What drew me to the jns set was the very positive things i have read about the jns red aoto and how great of any edge that leaves. Also, im not too familiar with the jns stuff so was interested in it for that regard. 

I am in the usa though so would the jns be tougher to get? I saw free shipping internationally and figured the set was expensive enough to get it?


----------



## MowgFace (Nov 5, 2014)

I had ZERO issues dealing with Maksim. IIRC I received my Itinomonn SS 3 days from order. I live in CA for reference. 


Sent from my iPhone using Tapatalk


----------



## SolidSnake03 (Nov 5, 2014)

Glad to hear it, figured it would be fine ordering from him but wanted to check as that would be something to consider in my decision potentially.

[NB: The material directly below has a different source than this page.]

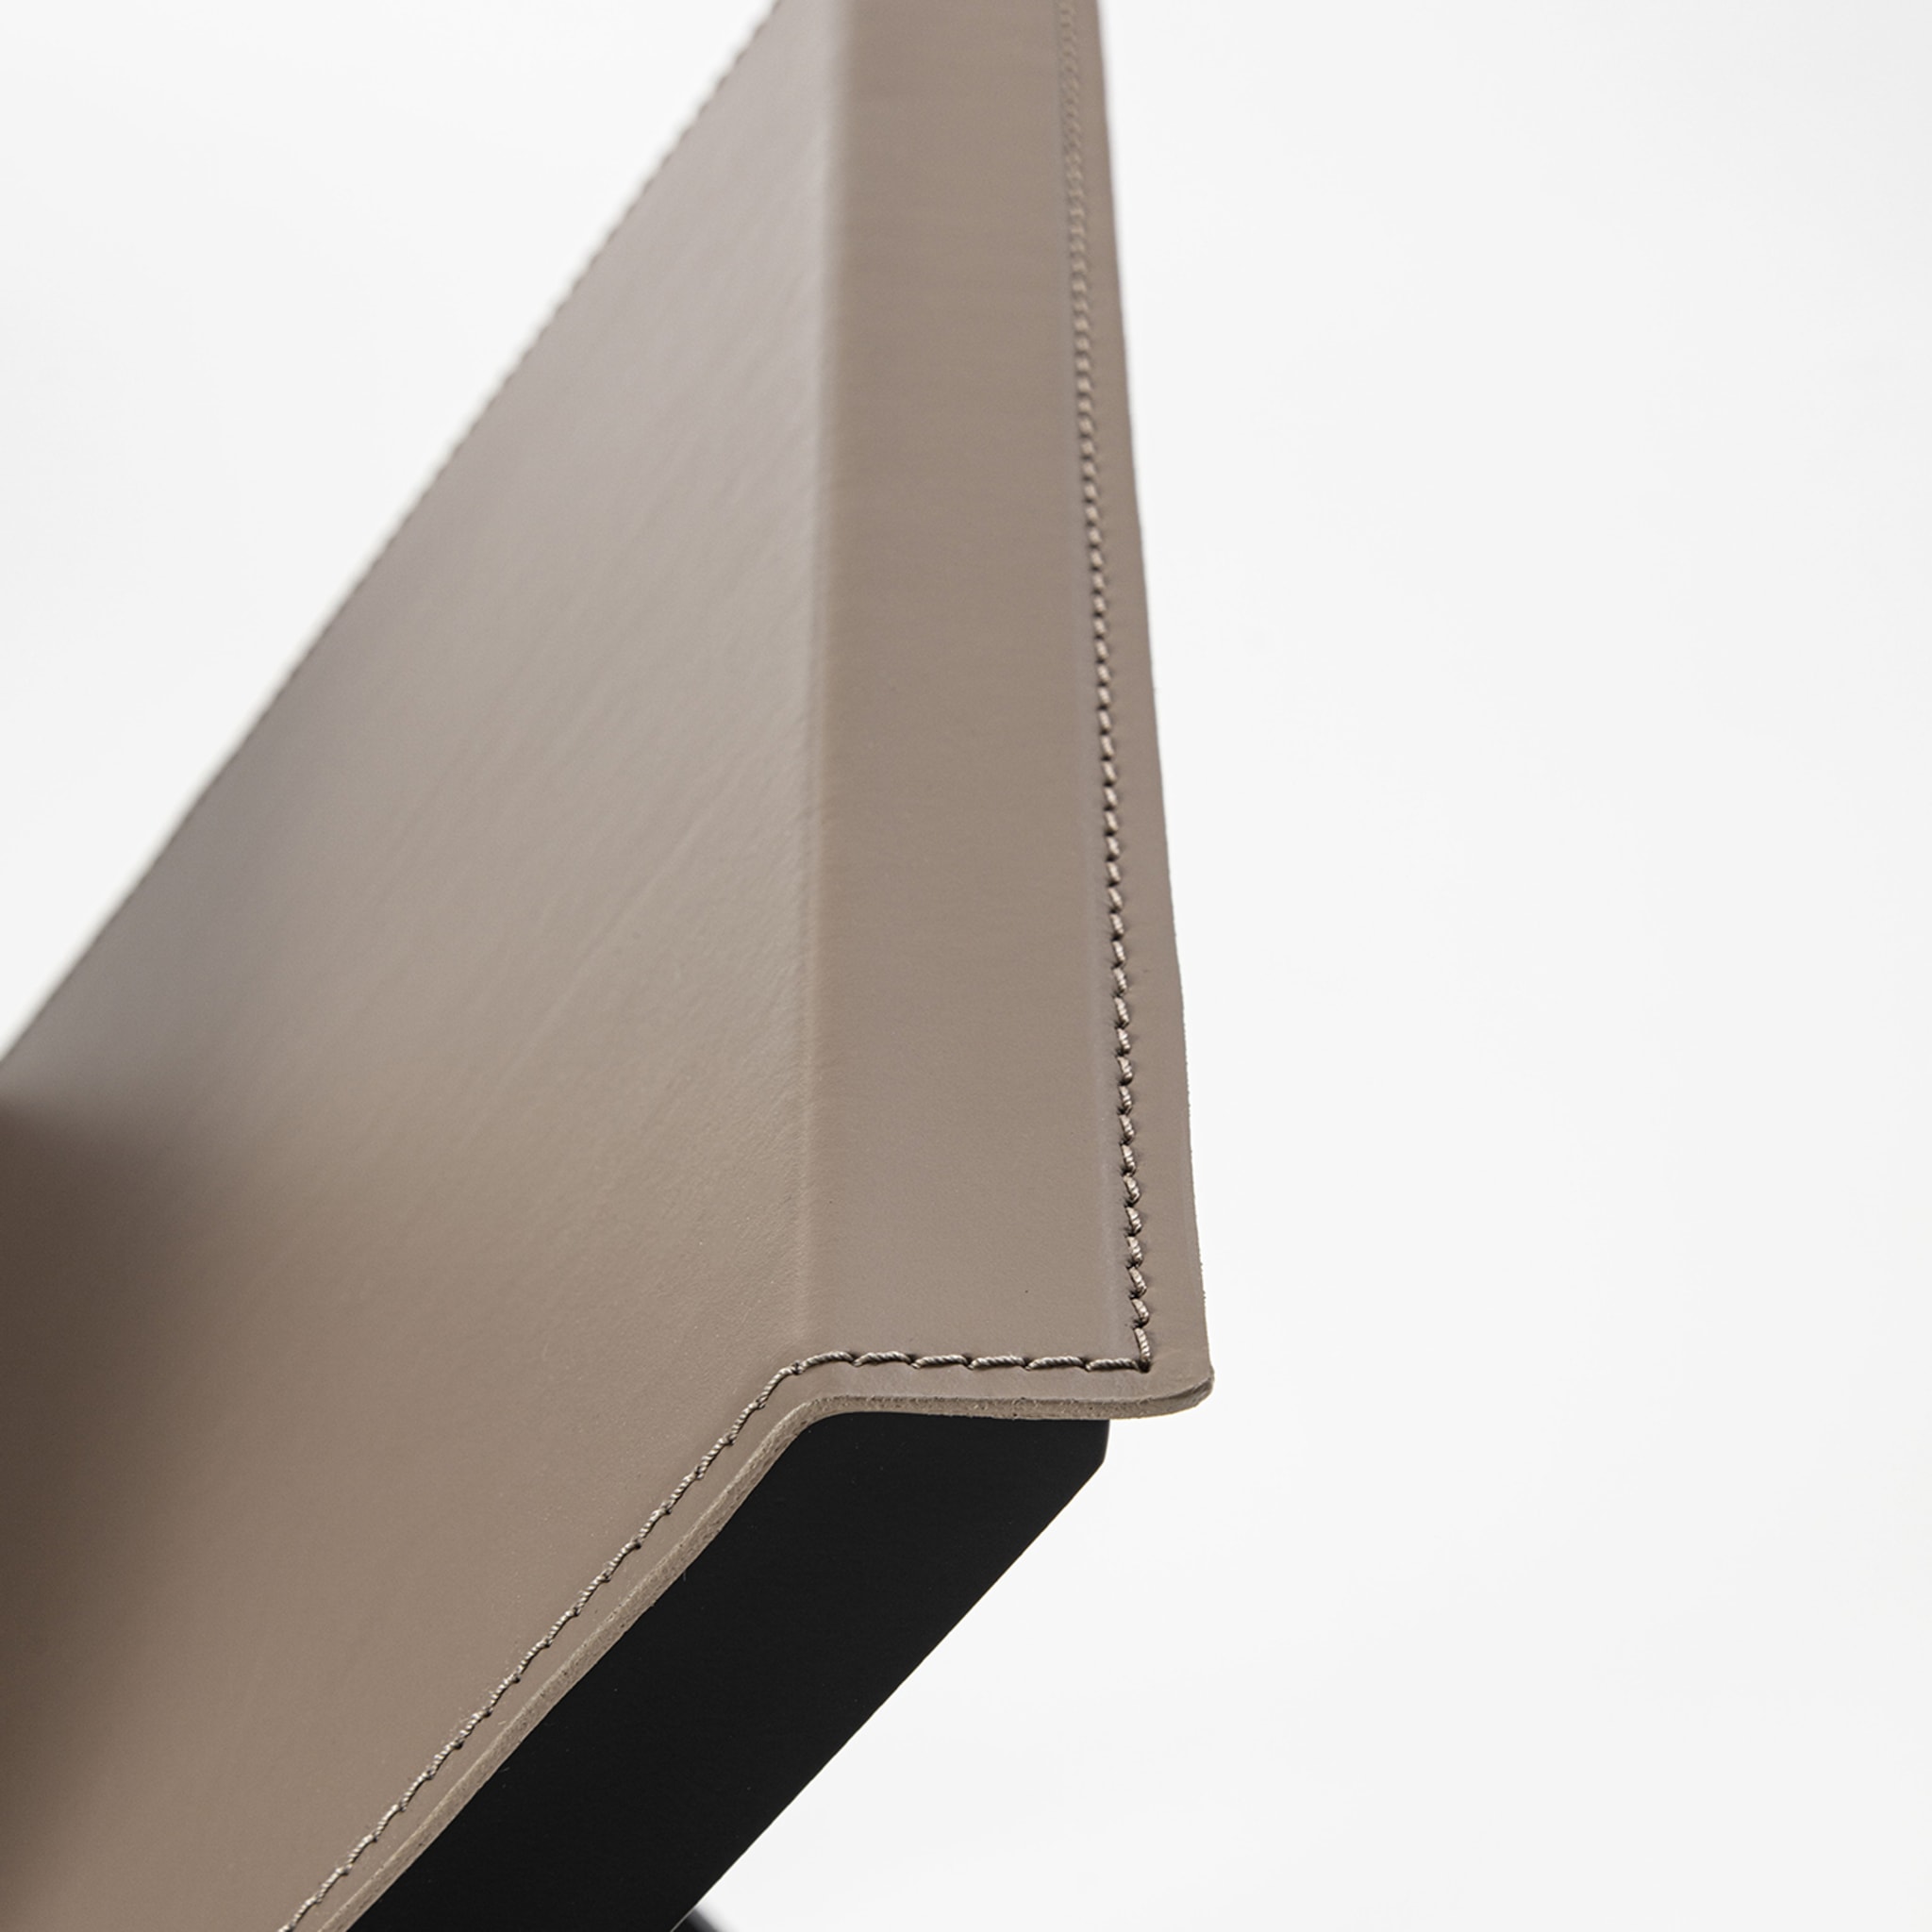 Crossover X-Shaped Taupe Magazine Rack - Alternative view 2

I know shipping/working with jki is always amazing but didnt have any personal experience with jns


----------



## slash (Nov 5, 2014)

A message to vendors if you answer email's you will get the sale...Maksim answered my quiery about Stones top man by the way so He will get my buisness .


----------



## Matus (Nov 5, 2014)

slash said:


> A message to vendors if you answer email's you will get the sale...Maksim answered my quiery about Stones top man by the way so He will get my buisness .



Jon is on his Japan trip and may not be able to answer email the same day. The same may happen to Maksim if he is busy. I have expect answers within minutes and within several days with both of them. They both do their best.

EDIT: sorry for going off-topic


----------



## slash (Nov 5, 2014)

Yea i understand that i am talking in genaral and not just Jon we need to Support our vendors and back them 
But they need to answer especialy When They are online a day after you ask for help .


----------



## daveb (Nov 5, 2014)

Matus - You did not go off topic - pls no apologies. You did not leave the small puddle of drivel on the floor.

Snake - My fist stones were the widely avail Bestor 500, 1.2K and Suehiro 5K. When I wasn't immediately proficient with them I called Jon to ask about the Gesshin products. My first contact with him and he suggested that the stones I had were very good and that I should learn to use them before I started shopping for new ones. (He said it nicer than that) I never could warm to the 500, did order the G400 and eventually gave the 500 away. Since then I've picked up the G2K, G4K and G8K from Jon and JNS 300 and 800 from Maksim. Some JNats have found their way to my house as well.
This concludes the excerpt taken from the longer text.